Presumably, the idea was to capitalise on the approval for Starmer’s competent handling of Ukraine, Trump and other international relations. But the prime minister did not make a speech or spell this out, so this aspect of the visit went unnoticed and unreported. Besides, the outcome of the council elections suggests that the voters outside the Westminster bubble take such prime ministerial duties for granted in normal times.
Equally, Starmer’s championing of apprenticeships over university was inept from a man who has graduated from two universities himself. Why is Labour’s instinct to make it a choice, setting one type of higher education against another?
Labour sticks with its leaders. Starmer is sure to lead his party into the next general election, unlike Kemi Badenoch or Sir Ed Davey. That will not stop internal frustration mounting.

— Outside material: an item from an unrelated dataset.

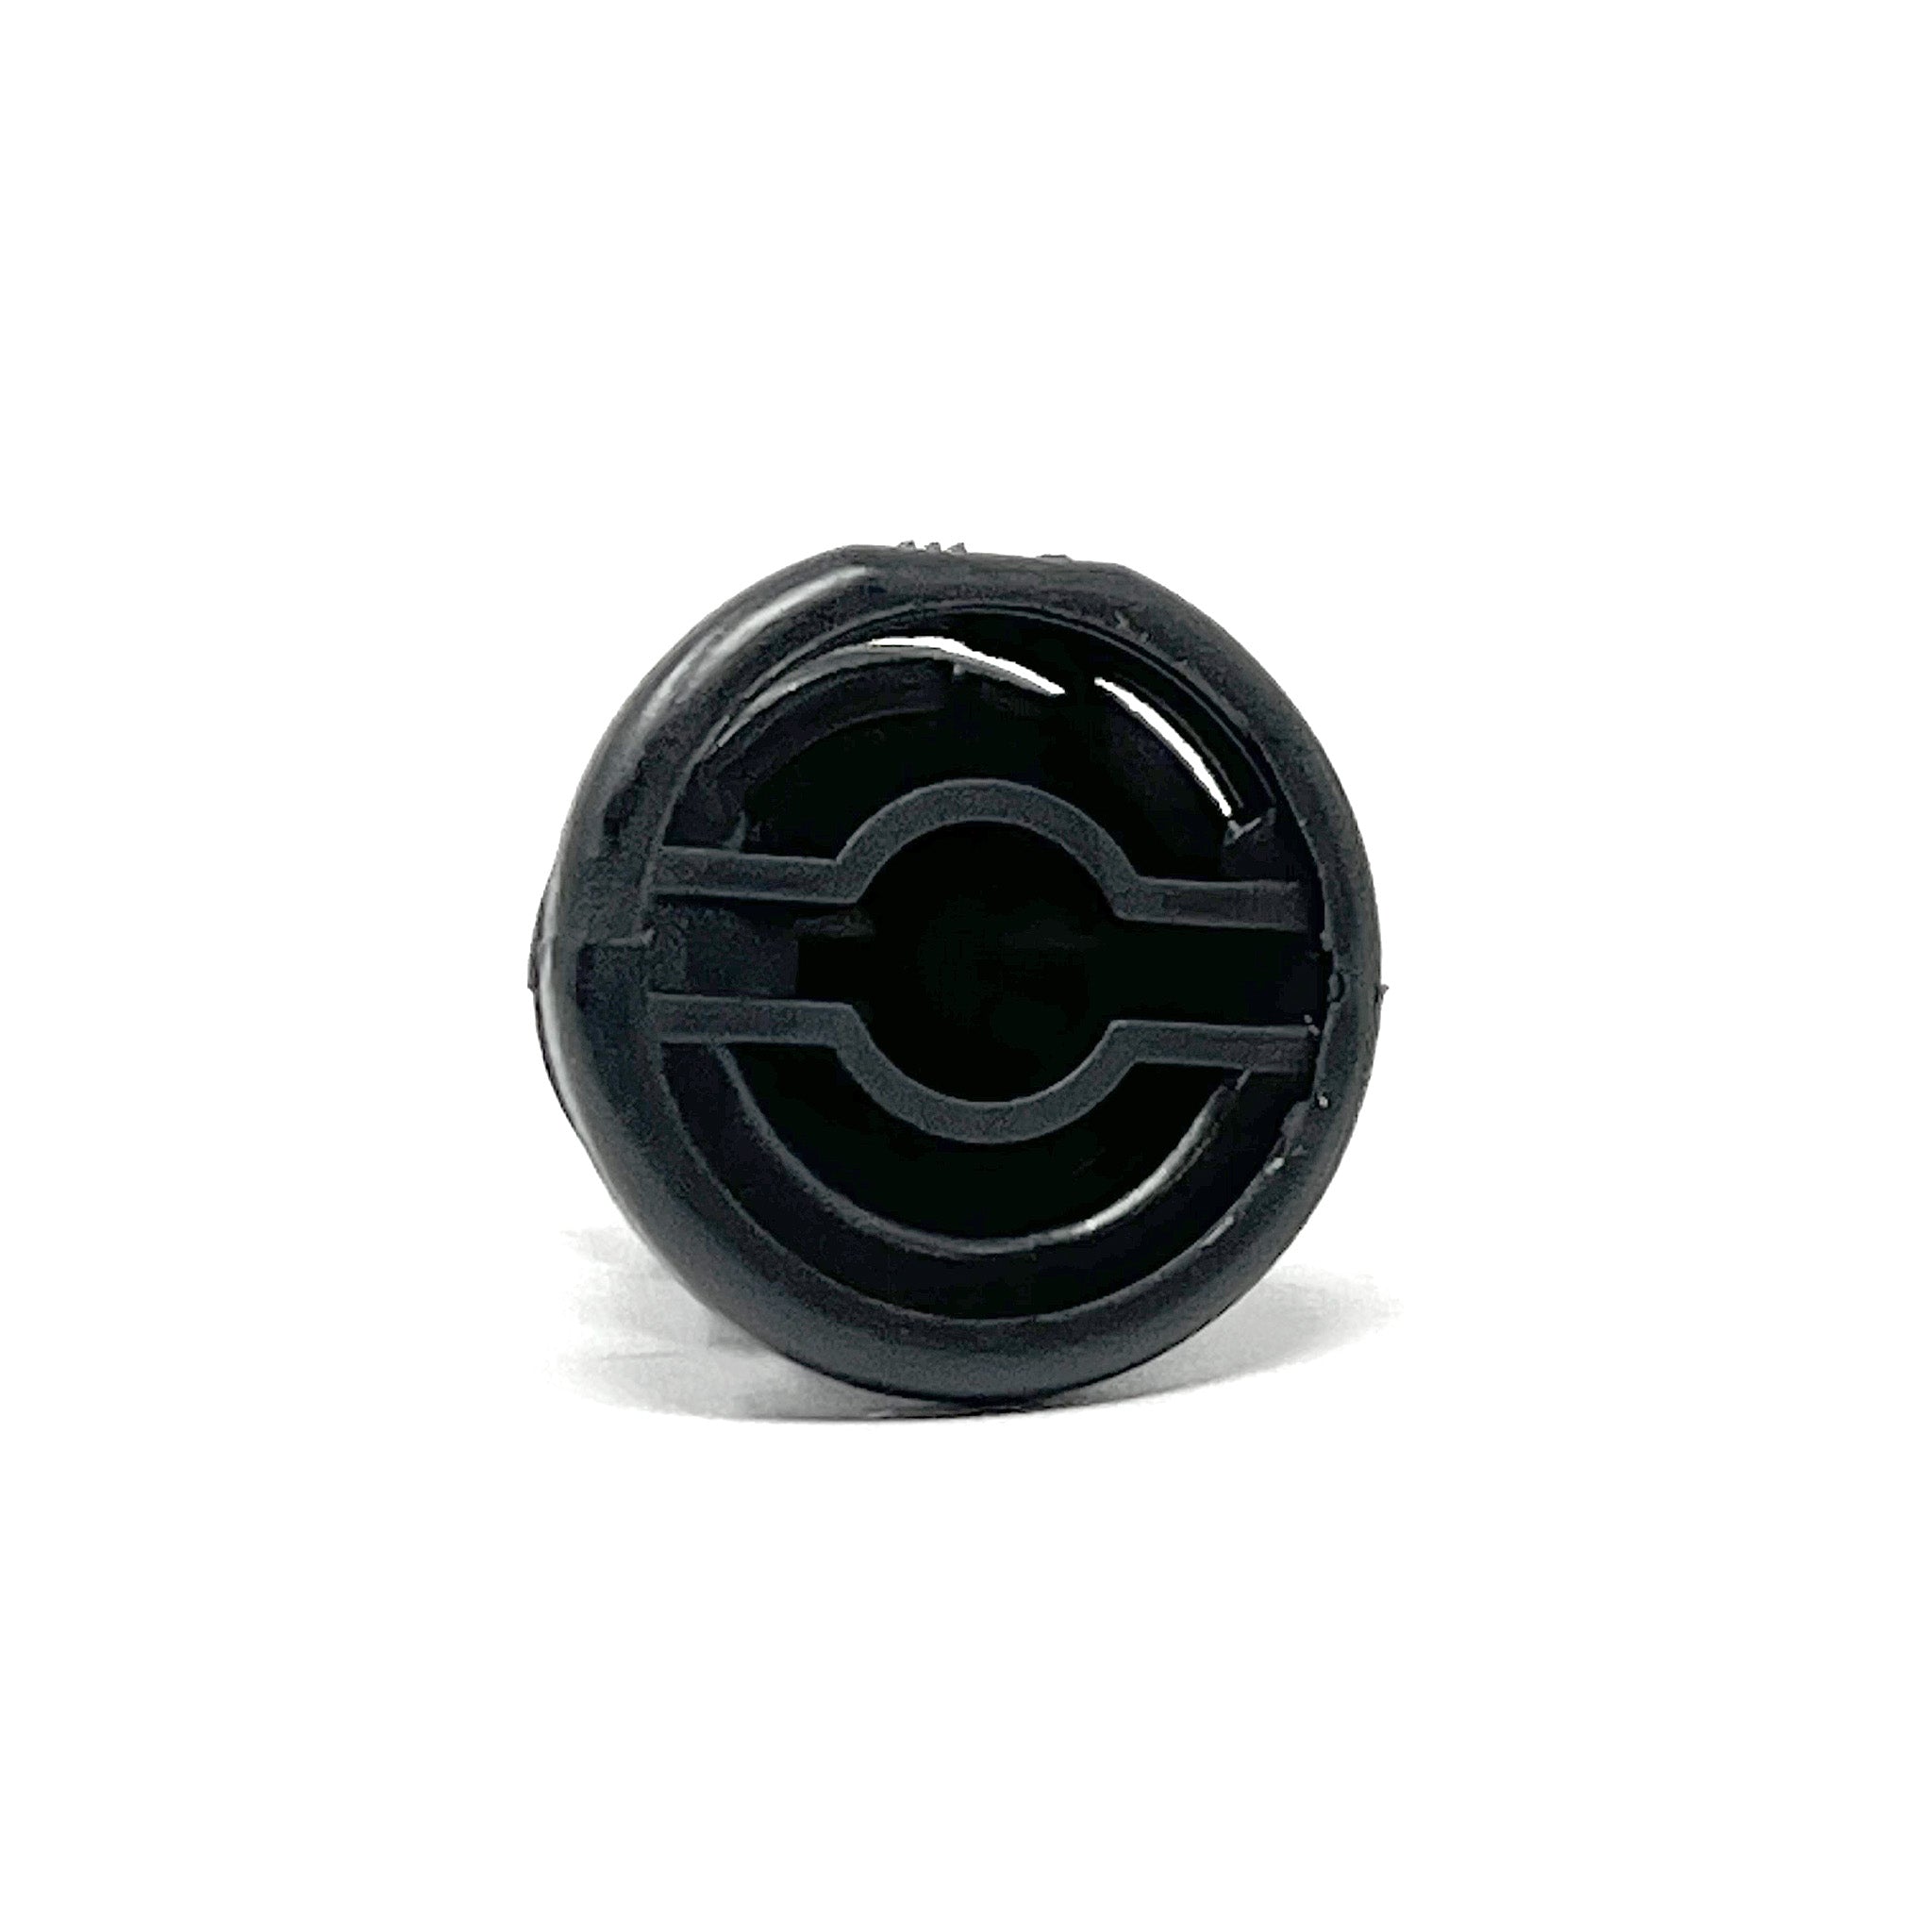 Plastic Black Specialty Drain Plug for VW and Audi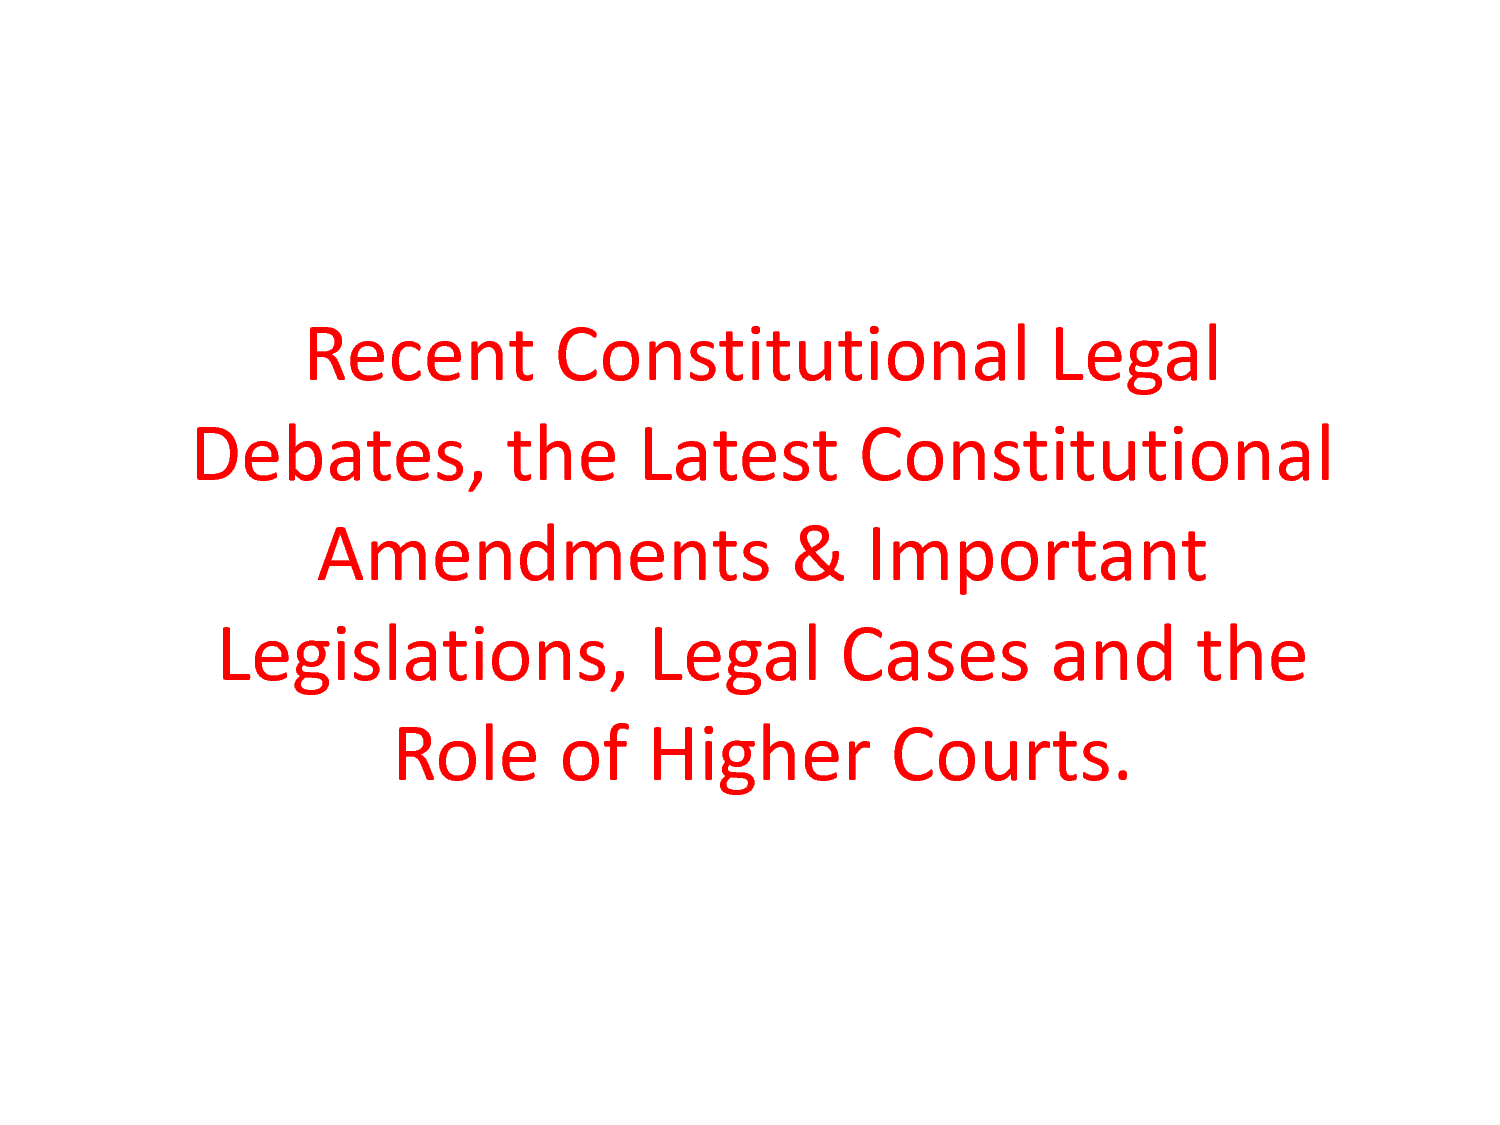 Xxvii. the recent constitutional and legal debates, the latest constitutional amendments and important legislations, legal cases and the role of higher courts.

The local elections should be stimulus enough for fresh, positive thinking. If not, the Prime Minister has been given another golden, or rather orange, opportunity to explain what he stands for and where he is leading the country
President Donald Trump’s arrival is a crisis, upsetting assumptions about our national security, challenging science and the rule of law and threatening to plunge the world into recession.
Sir Keir and Rachel Reeves should not let this crisis go to waste. Adapt or die.